Identifying and defining an emerging category of news organizations is no simple task. With no proven model yet standard, the landscape is diverse. First, over a period of four months, researchers conducted an audit of the landscape of hundreds of new non-profit websites across the United States that offer news. Researchers then filtered that group to include only sites that portrayed themselves as news operations rather than advocates; sites at which the majority of content offered was original news reporting rather than aggregation or opinion; and sites that were active, publishing new material at least weekly.

That universe was still quite broad. There are hundreds of sites that cover hyperlocal news, even down to the neighborhood level, and others that focus on just one subject area, such as education or health.[1] To examine a comparable set of sites, researchers filtered the list further to those that were either state-wide or national in scope and that covered a range of subjects.

In addition to the non-profit sites, researchers found seven commercial sites (those registered as limited liability companies and that depend primarily on advertising for their ongoing operations) that fit these
criteria. Some of these, such as Progress Illinois, had ties to financial backers with political interests. These sites were included in the study to allow researchers to assess whether their commercial status might correlate in
any way to the nature of content they produced. Thus the total sample made for a universe of 46 sites.

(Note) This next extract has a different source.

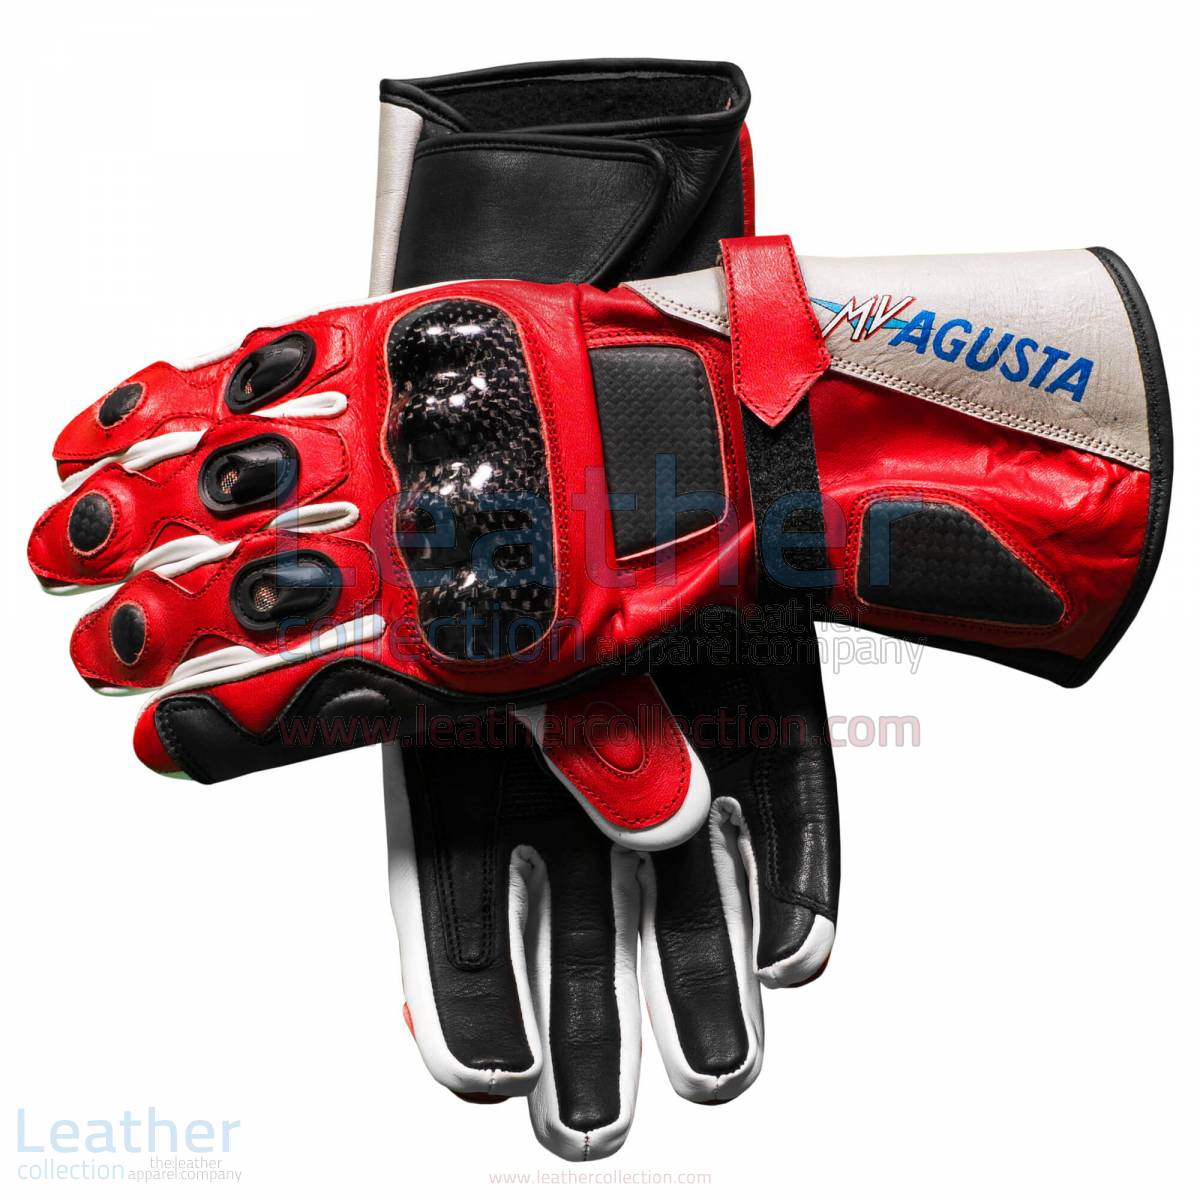 mv agusta crc carbon racing gloves

Researchers then analyzed the sites at two levels. First they performed an audit of the sites and the organizations behind them-staffing, revenue streams and how much each site said about itself, its funding, its mission and its backers. Second, researchers conducted a content analysis sampled from a month’s worth of news stories on each site to assess productivity of the sites and whether there was a discernible ideological flavor to the news reporting.

(For a complete methodology, including more detailed explanations of how variables and scales were constructed, click here)


[1]Journalist Michael Fancher highlighted dozens of these kinds of sites in Seattle alone in a special report for PEJ. Another journalist, Michele McLellan, counts many more local sites in a series of lists she updates at the University of Missouri’s Donald W. Reynolds Journalism Institute.